The task: Everything from the line holding "Garnier 2'li Serum" through the last line of the data, and nothing else, should be retyped exactly, with no pictures.

Dataset excerpt:
# # # # # # #

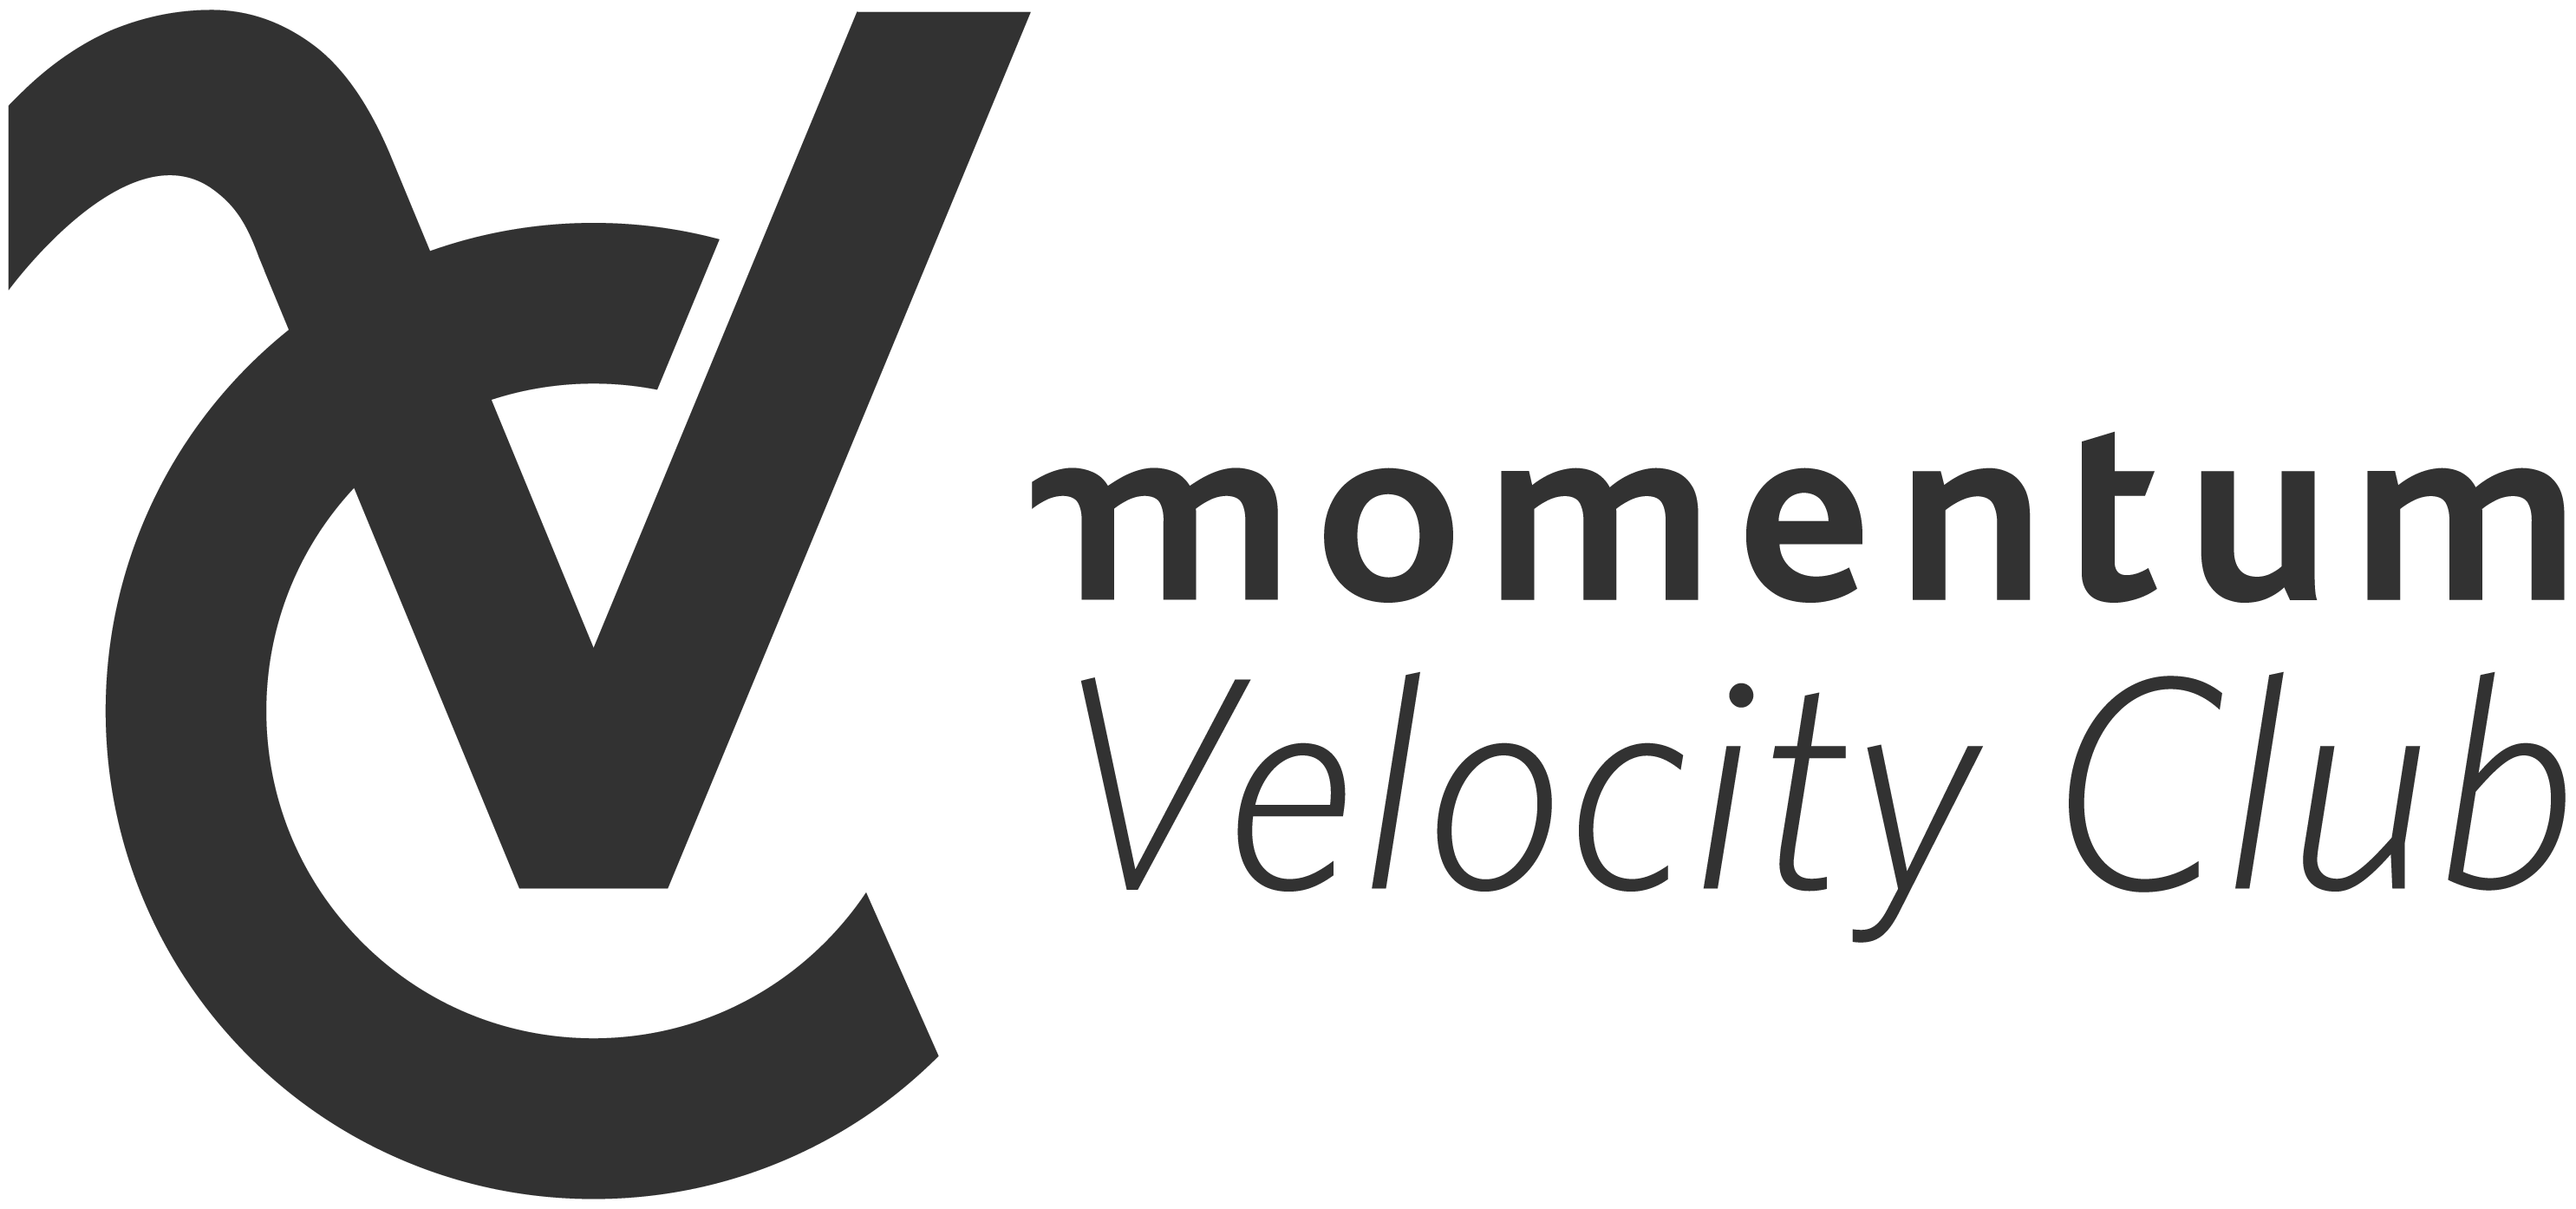 Velocity Club
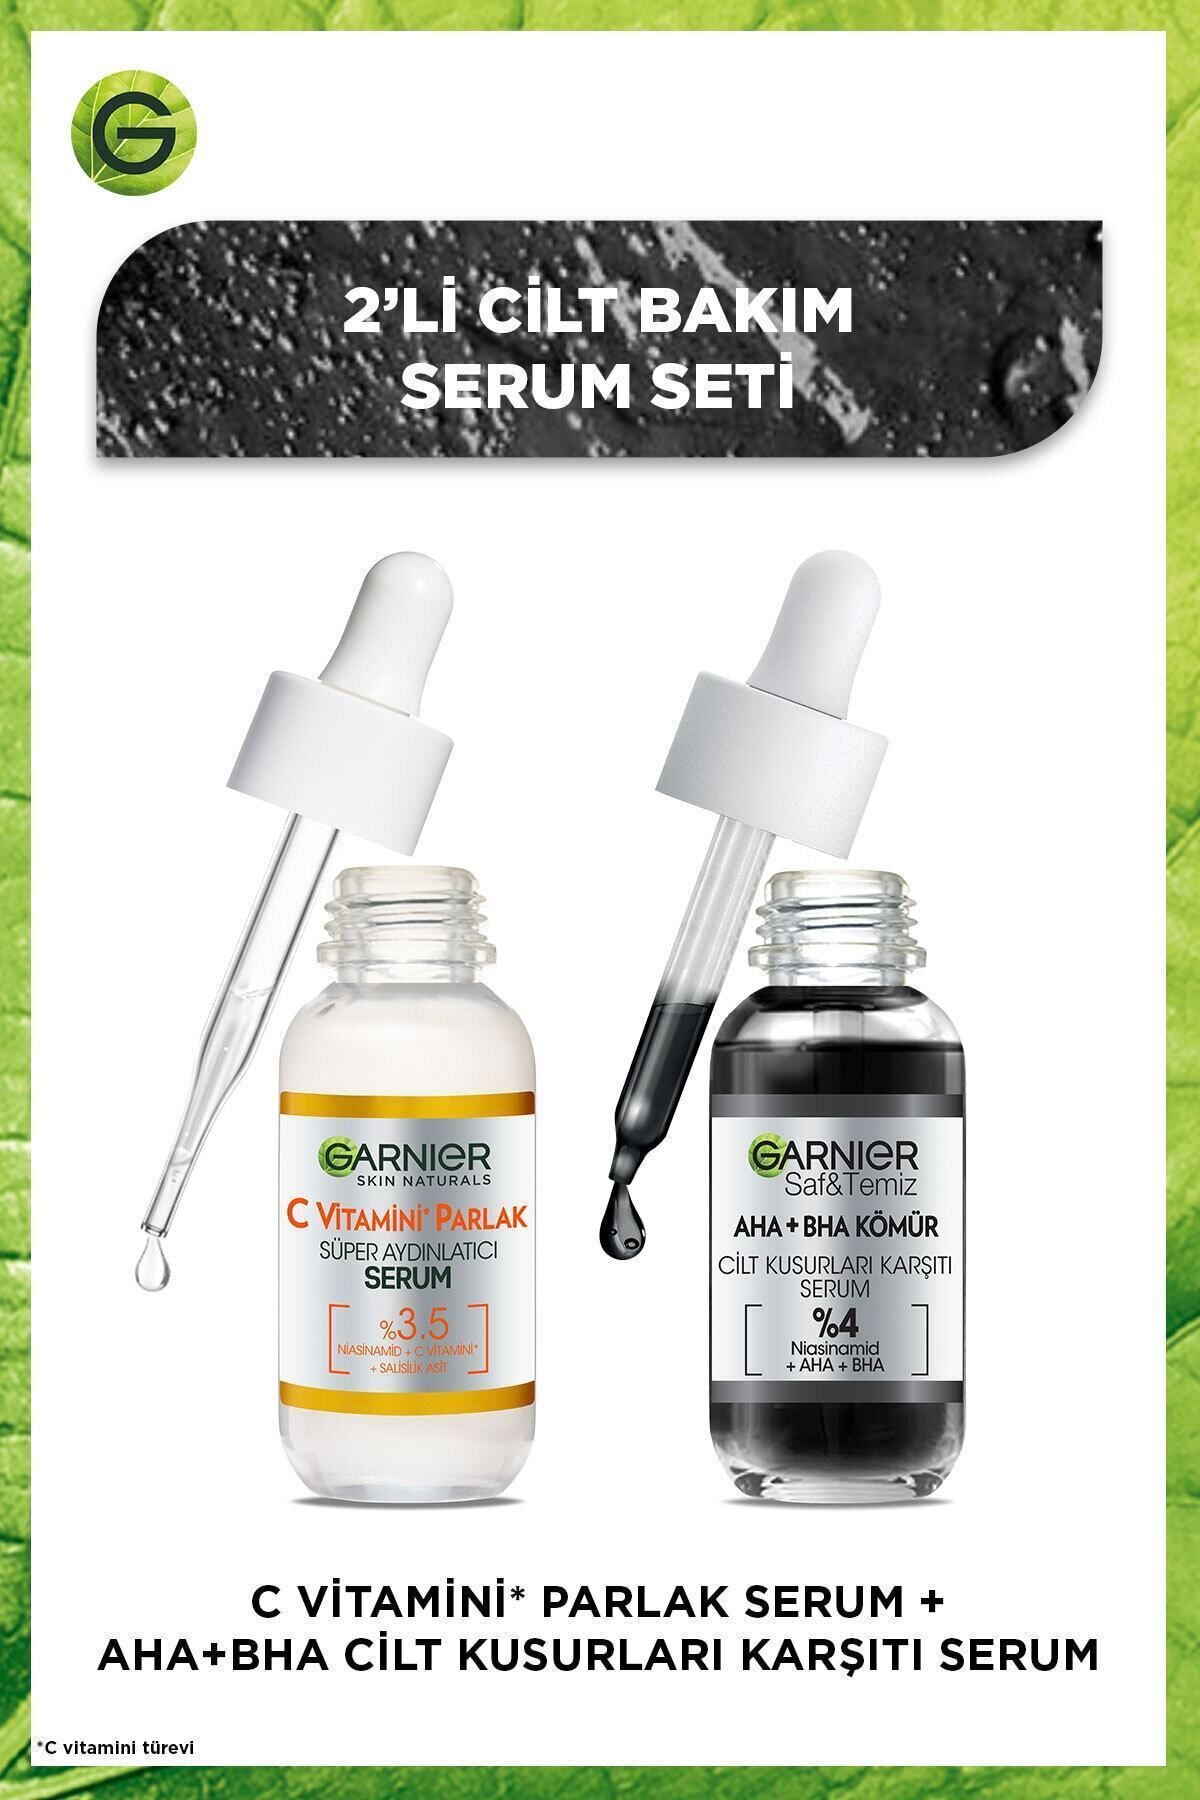 Garnier 2'li Serum Seti - Aha+bha Cilt Kusurları Karşıtı Serum & C Vitamini Parlak Süper Aydınlatıcı Serum
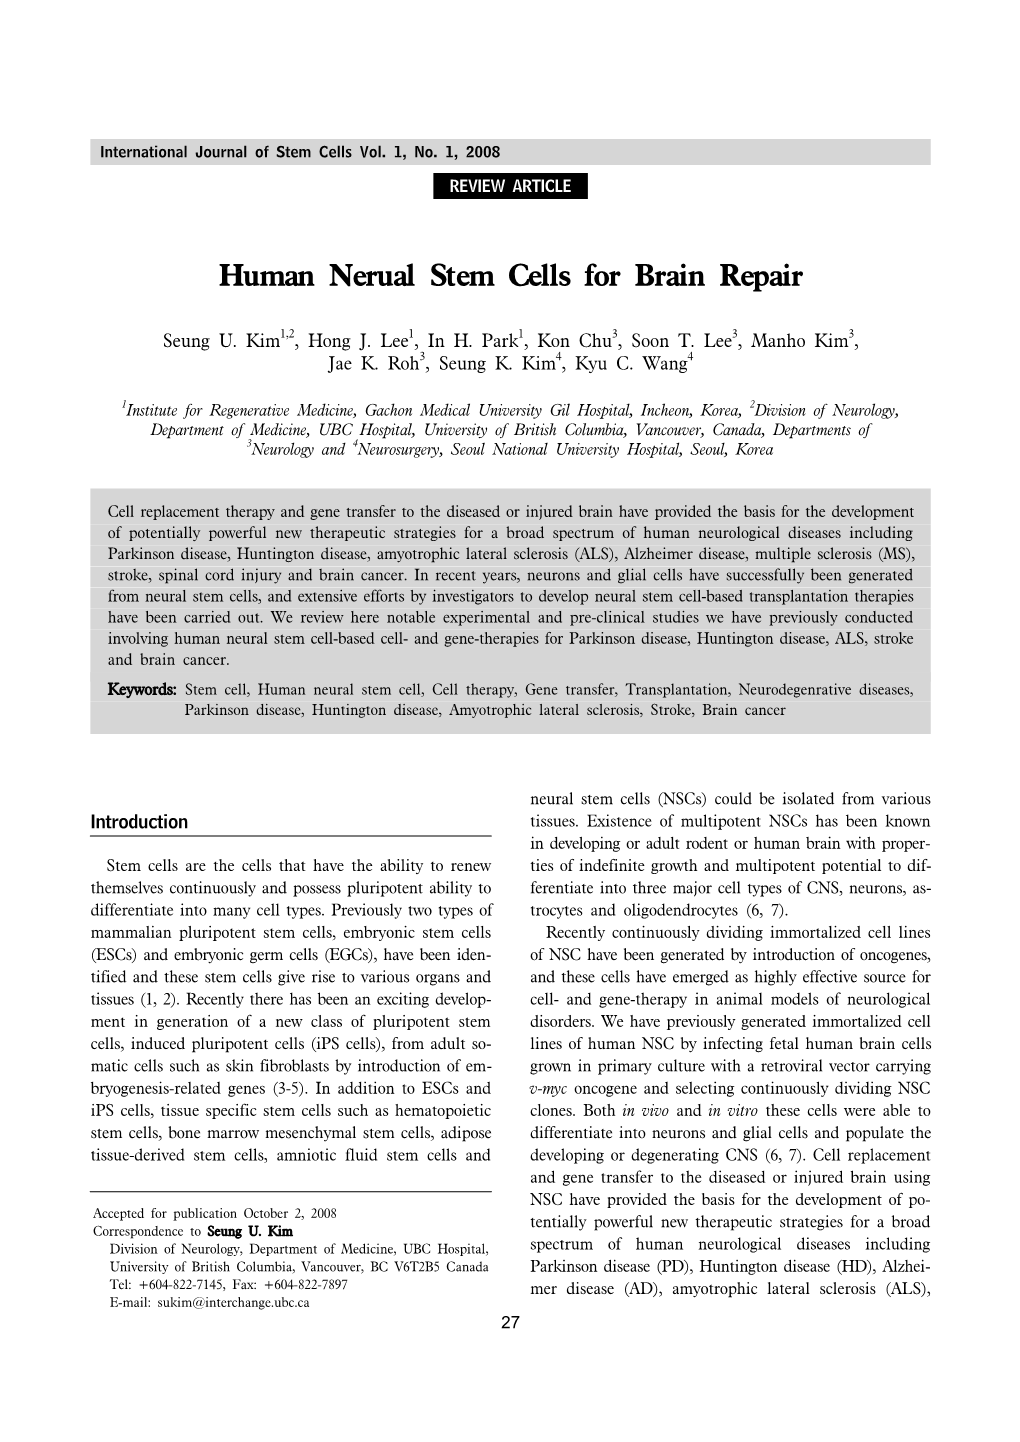 Human Nerual Stem Cells for Brain Repair

# # # # # # #

The completed task:
 Garnier 2'li Serum Seti - Aha+bha Cilt Kusurları Karşıtı Serum & C Vitamini Parlak Süper Aydınlatıcı Serum
 Human Nerual Stem Cells for Brain Repair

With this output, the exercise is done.